*Problem requirements*. Report the number of lines in the records below that contain the word "Black", and nothing more.

*Materials provided*.

—————

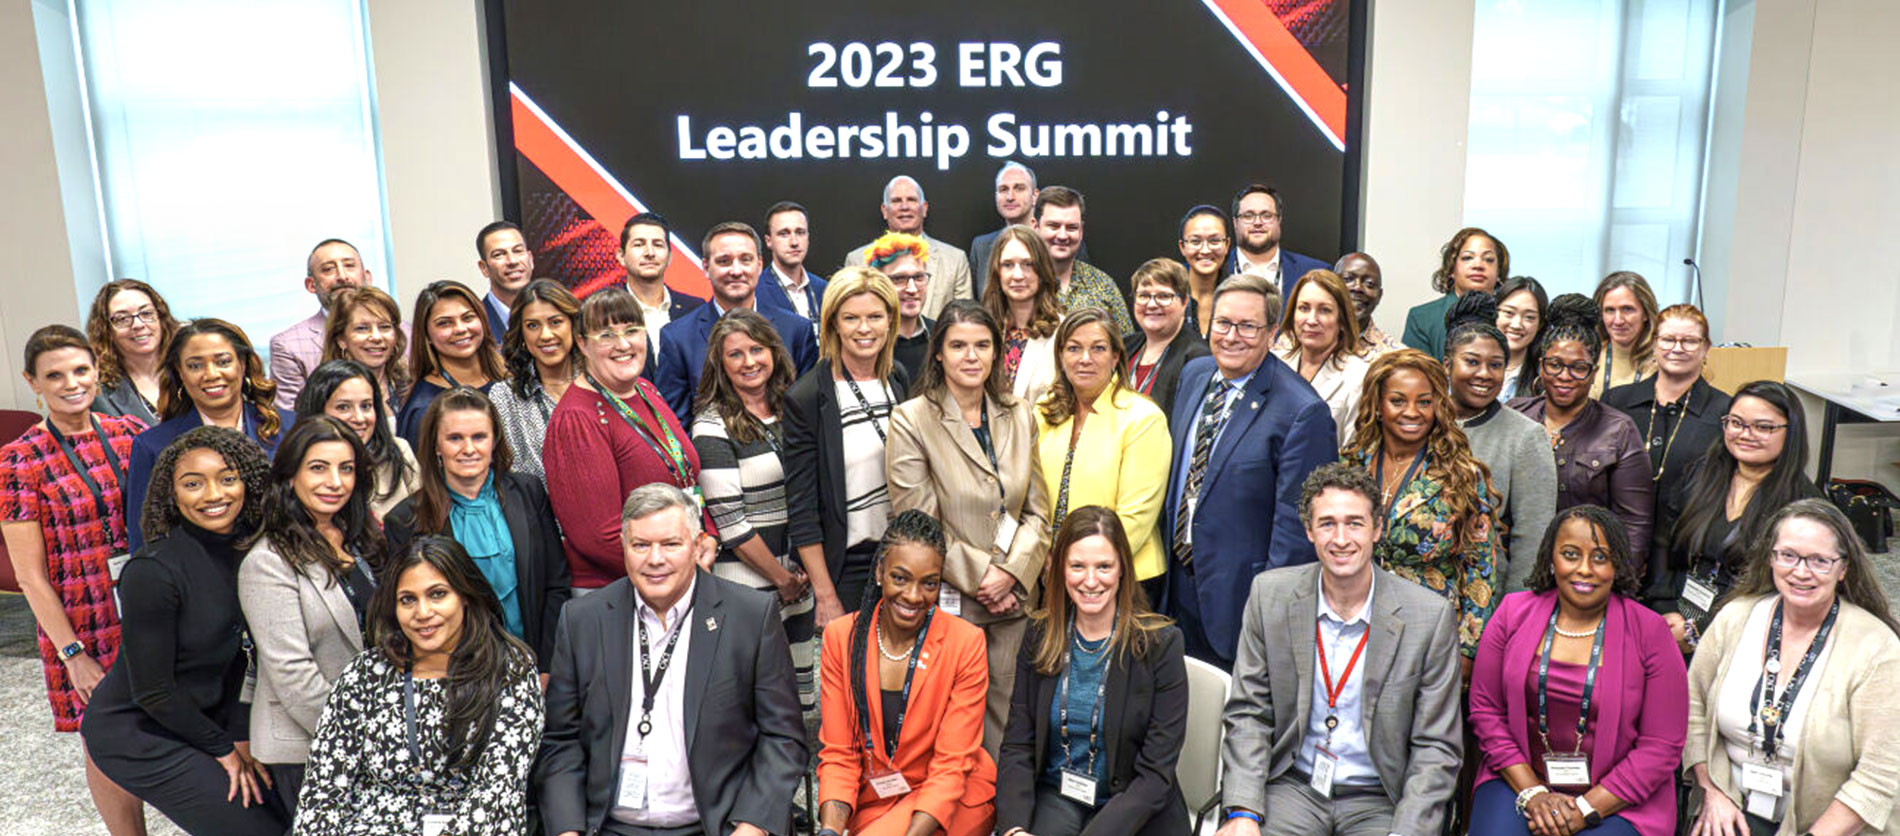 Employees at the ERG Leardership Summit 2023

—————

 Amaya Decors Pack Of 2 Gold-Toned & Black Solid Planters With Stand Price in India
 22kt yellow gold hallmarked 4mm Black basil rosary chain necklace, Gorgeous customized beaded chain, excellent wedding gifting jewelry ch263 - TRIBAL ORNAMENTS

—————

*Expected output*. 2